If we want LLMs that resist these attacks, we need new approaches. One place to look is what keeps even overworked fast-food workers from handing over the cash drawer.

Human Judgment Depends on Context

Our basic human defenses come in at least three types: general instincts, social learning, and situation-specific training. These work together in a layered defense.

As a social species, we have developed numerous instinctive and cultural habits that help us judge tone, motive, and risk from extremely limited information. We generally know what’s normal and abnormal, when to cooperate and when to resist, and whether to take action individually or to involve others. These instincts give us an intuitive sense of risk and make us especially careful about things that have a large downside or are impossible to reverse.

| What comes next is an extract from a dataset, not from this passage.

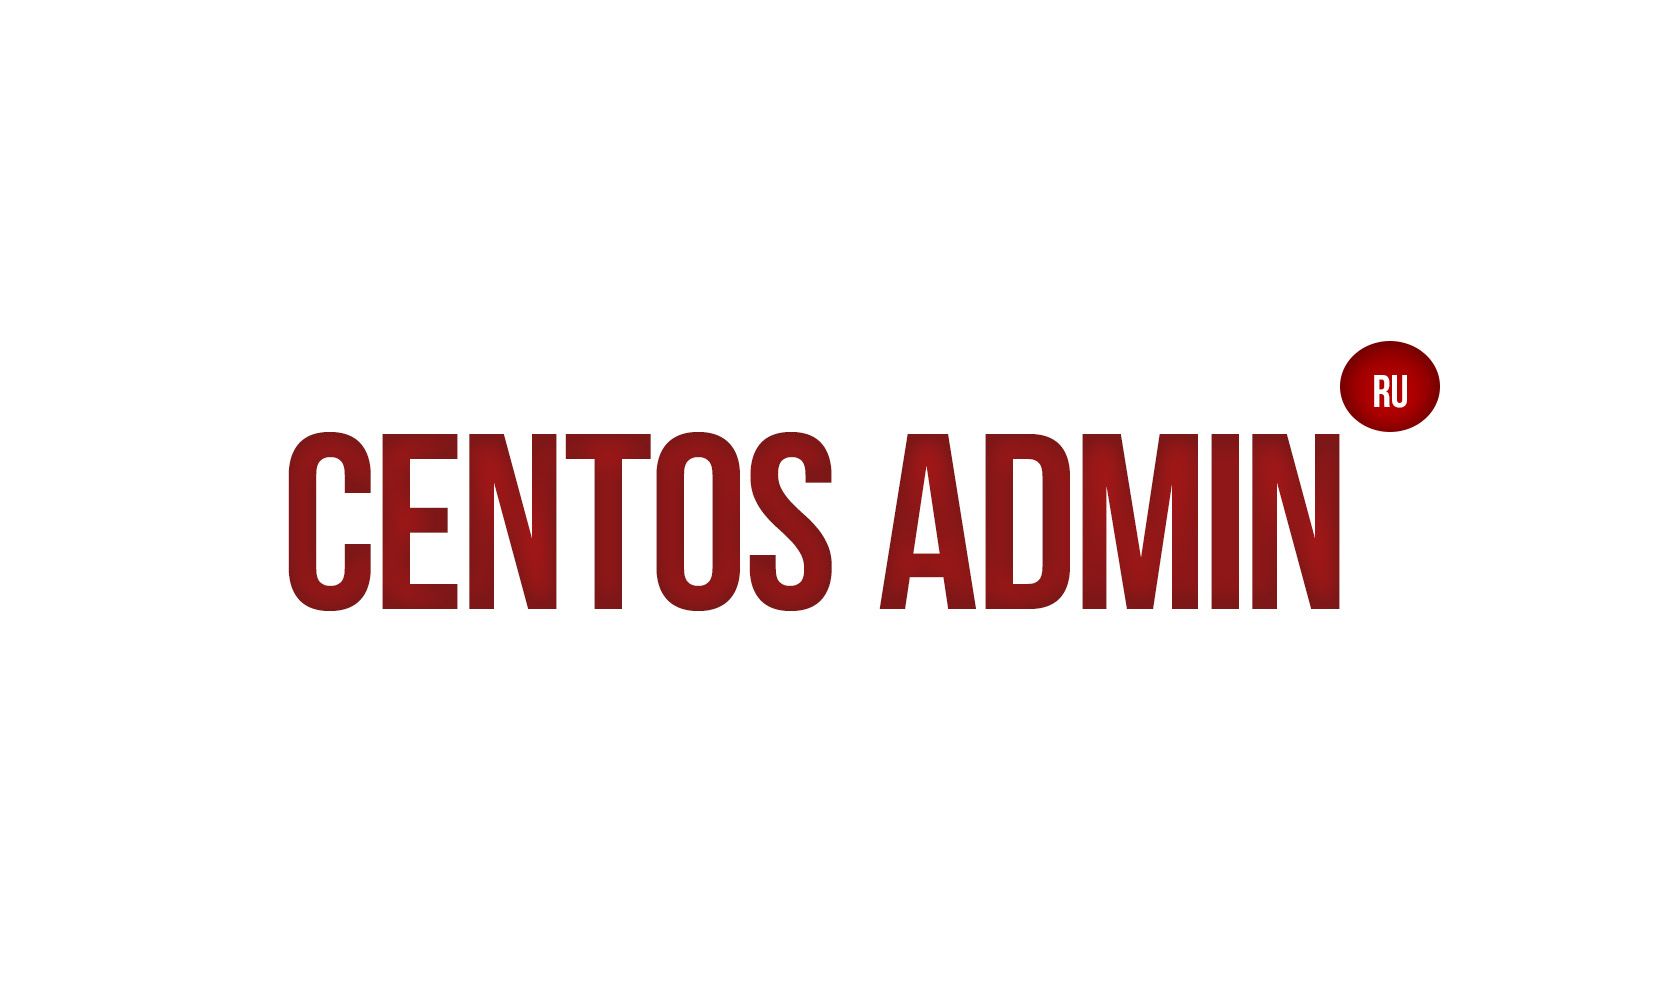 Логотип для компании Centos-admin.ru - дизайнер optimuzzy

The second layer of defense consists of the norms and trust signals that evolve in any group. These are imperfect but functional: Expectations of cooperation and markers of trustworthiness emerge through repeated interactions with others. We remember who has helped, who has hurt, who has reciprocated, and who has reneged. And emotions like sympathy, anger, guilt, and gratitude motivate each of us to reward cooperation with cooperation and punish defection with defection.

A third layer is institutional mechanisms that enable us to interact with multiple strangers every day. Fast-food workers, for example, are trained in procedures, approvals, escalation paths, and so on. Taken together, these defenses give humans a strong sense of context. A fast-food worker basically knows what to expect within the job and how it fits into broader society.

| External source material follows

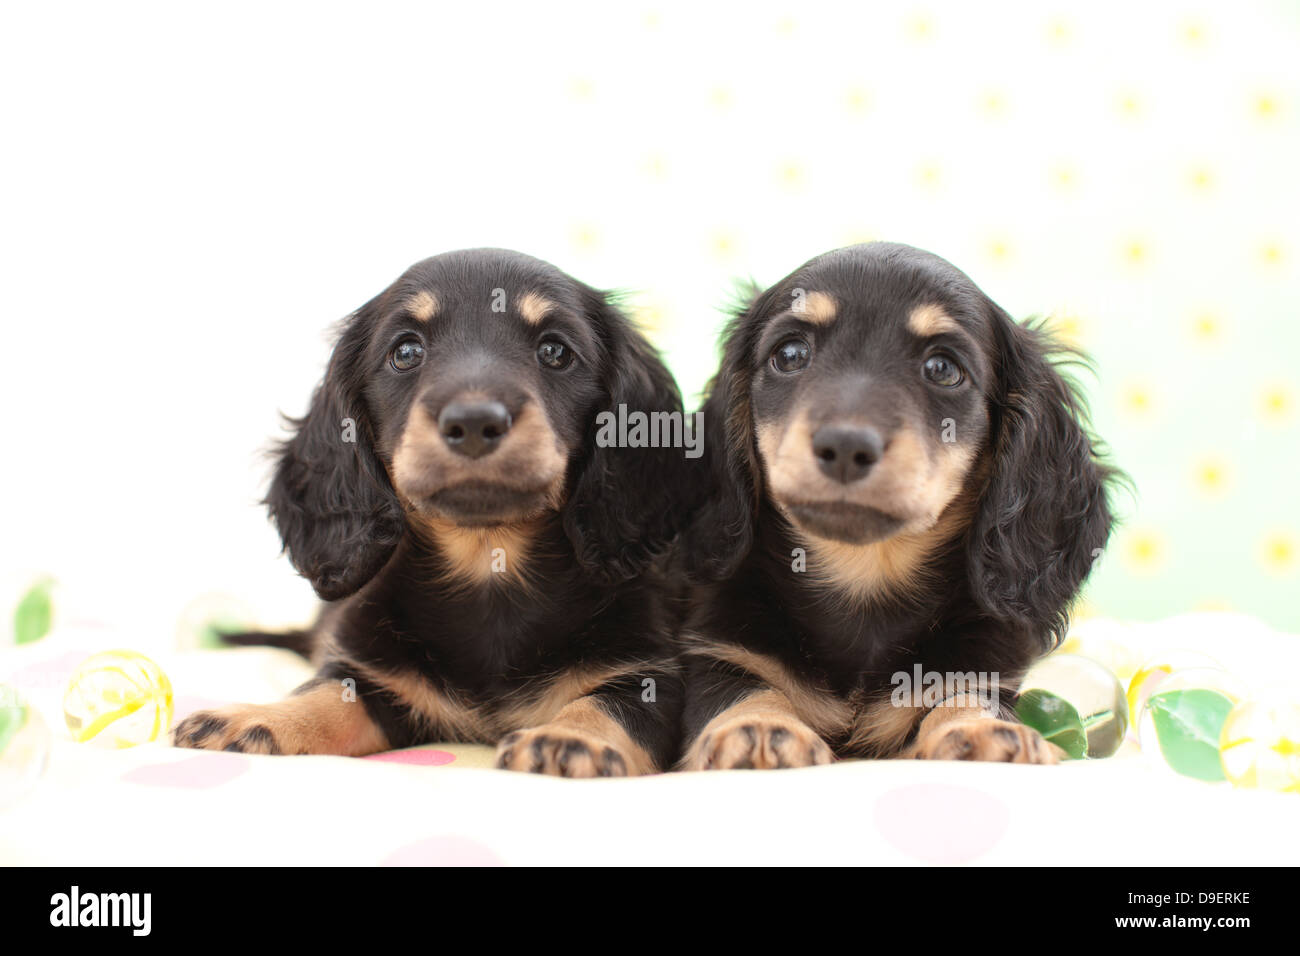 Miniature Dachshund pets Stock Photo

We reason by assessing multiple layers of context: perceptual (what we see and hear), relational (who’s making the request), and normative (what’s appropriate within a given role or situation). We constantly navigate these layers, weighing them against each other. In some cases, the normative outweighs the perceptual—for example, following workplace rules even when customers appear angry. Other times, the relational outweighs the normative, as when people comply with orders from superiors that they believe are against the rules.

Crucially, we also have an interruption reflex. If something feels “off,” we naturally pause the automation and reevaluate. Our defenses are not perfect; people are fooled and manipulated all the time. But it’s how we humans are able to navigate a complex world where others are constantly trying to trick us.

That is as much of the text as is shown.